В.: Та же самая проблема возникает с вопросом о смерти: «Что происходит, когда мы умираем?», «Что значит умереть?»
У.Г.: Мы не хотим соглашаться с фактом, что можем прожить только семьдесят или восемьдесят лет жизни. Со смертью все, чего мы достигли за этот промежуток времени, исчезает. Не желая признавать факт, что это конец, мы представляем себе загробную жизнь и создаем всевозможные фантазии. Мой ответ на вопрос такой: что, по-твоему, есть тут сейчас, что продолжится после смерти этого тела? Что касается тела, то для него не существует ни рождения, ни смерти. То, что мы называем смертью, – не что иное, как перетасовка атомов, а перетасовка атомов происходит по той простой причине, что необходимо поддерживать уровень энергии во Вселенной. И по этой простой причине, то есть для поддержания уровня энергии, миллионы людей стираются с лица земли посредством катастроф. Для природы эти события не катастрофичны. Землетрясение – это такая же необходимость и такая же составляющая деятельности планеты, как любое другое событие. (Конечно, это не утешение для тех, кто лишился своего имущества и своих близких. Землетрясения уничтожили огромную часть человечества.) Так что попытки обнаружить ответы на эти вопросы – не что иное, как диалектические размышления. Они не помогут разрешить насущные проблемы, стоящие перед человечеством…

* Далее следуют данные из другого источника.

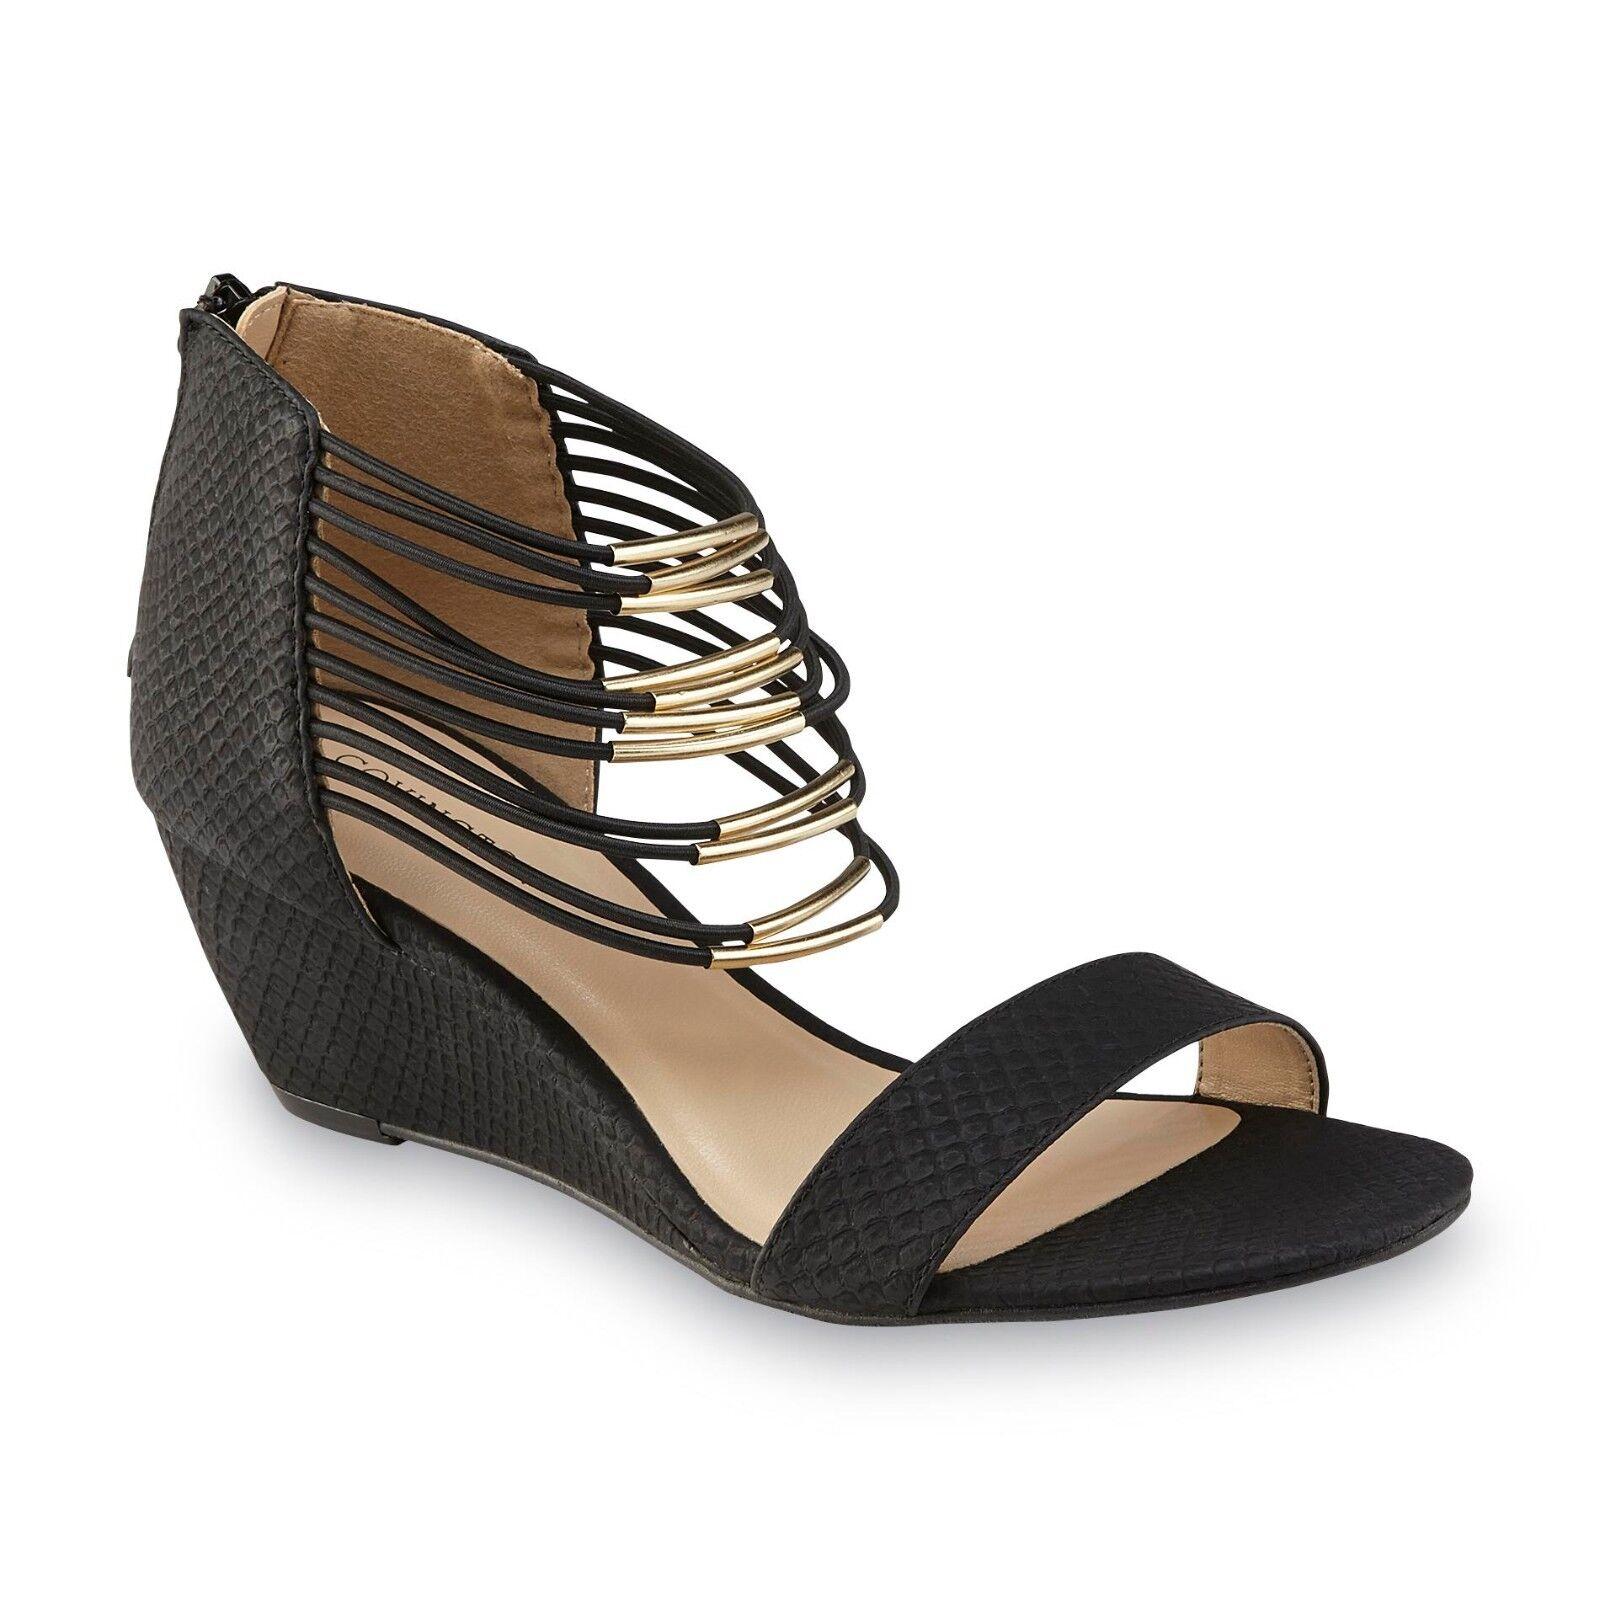 New Womens Covington Kira Wedge 173Q Sandal Style 14712 Black 173Q Wedge tr 73159c

Бесполезно отвечать на эти вопросы, потому что этому нет конца. Нет начала и нет конца. В природе все происходит по-другому. Все, что рождается, разрушается в ней. Видишь ли, рождение и смерть – это синхронные процессы. Как только исчезает непрерывность мысли или потребность испытывать одно и то же снова и снова, чтобы поддерживать то, что мы называем личностью, все эти вопросы, которые мы без конца повторяем, прекращаются. Мысль рождается, а затем растворяется в виде энергии – так устроена жизнь. Не то чтобы у меня было какое-то особое понимание законов природы, но все, что мы обнаруживаем относительно законов природы, используется для разрушения. Та небольшая выгода, которую мы извлекаем, приносит пользу только ничтожному проценту населения на этой планете. Она не доходит до уровня обычного человека. Почему нас так сильно впечатляют научные исследования? Мы можем дать им Нобелевскую премию. Мы можем дать им престижные награды. Но как они [эти исследования] отразятся на обычном человеке? Каждый раз, когда кто-нибудь приходит просить милостыню к моему дому, я говорю ему: «Иди к своему премьер-министру. Он там. Вы его выбрали. Вы посадили его туда, чтобы он кормил вас, одевал вас и давал вам крышу над головой». Знаешь, давать милостыню нищему – это самое вульгарное. Если ты что-то такое делаешь, то только лишь для самоудовлетворения. Ты чувствуешь кайф «благодетеля человечества». Ты не признаешь тот факт, что ты эгоистичен.
Мы ничего не делаем, чтобы решить проблемы. Ты можешь спросить меня: «А что делаешь ты?» Это естественный вопрос. Видишь ли, я не работаю на эту страну. Я ничуть не подвержен идеям национализма, патриотизма или другой чуши, которой нас учили в школе. Я совершенно ничему не научился ни у светских, ни у духовных учителей. Хотя я жил рядом с великими умами, взращенными в Оксфорде и Кембридже, я ничуть не выиграл от общения с ними.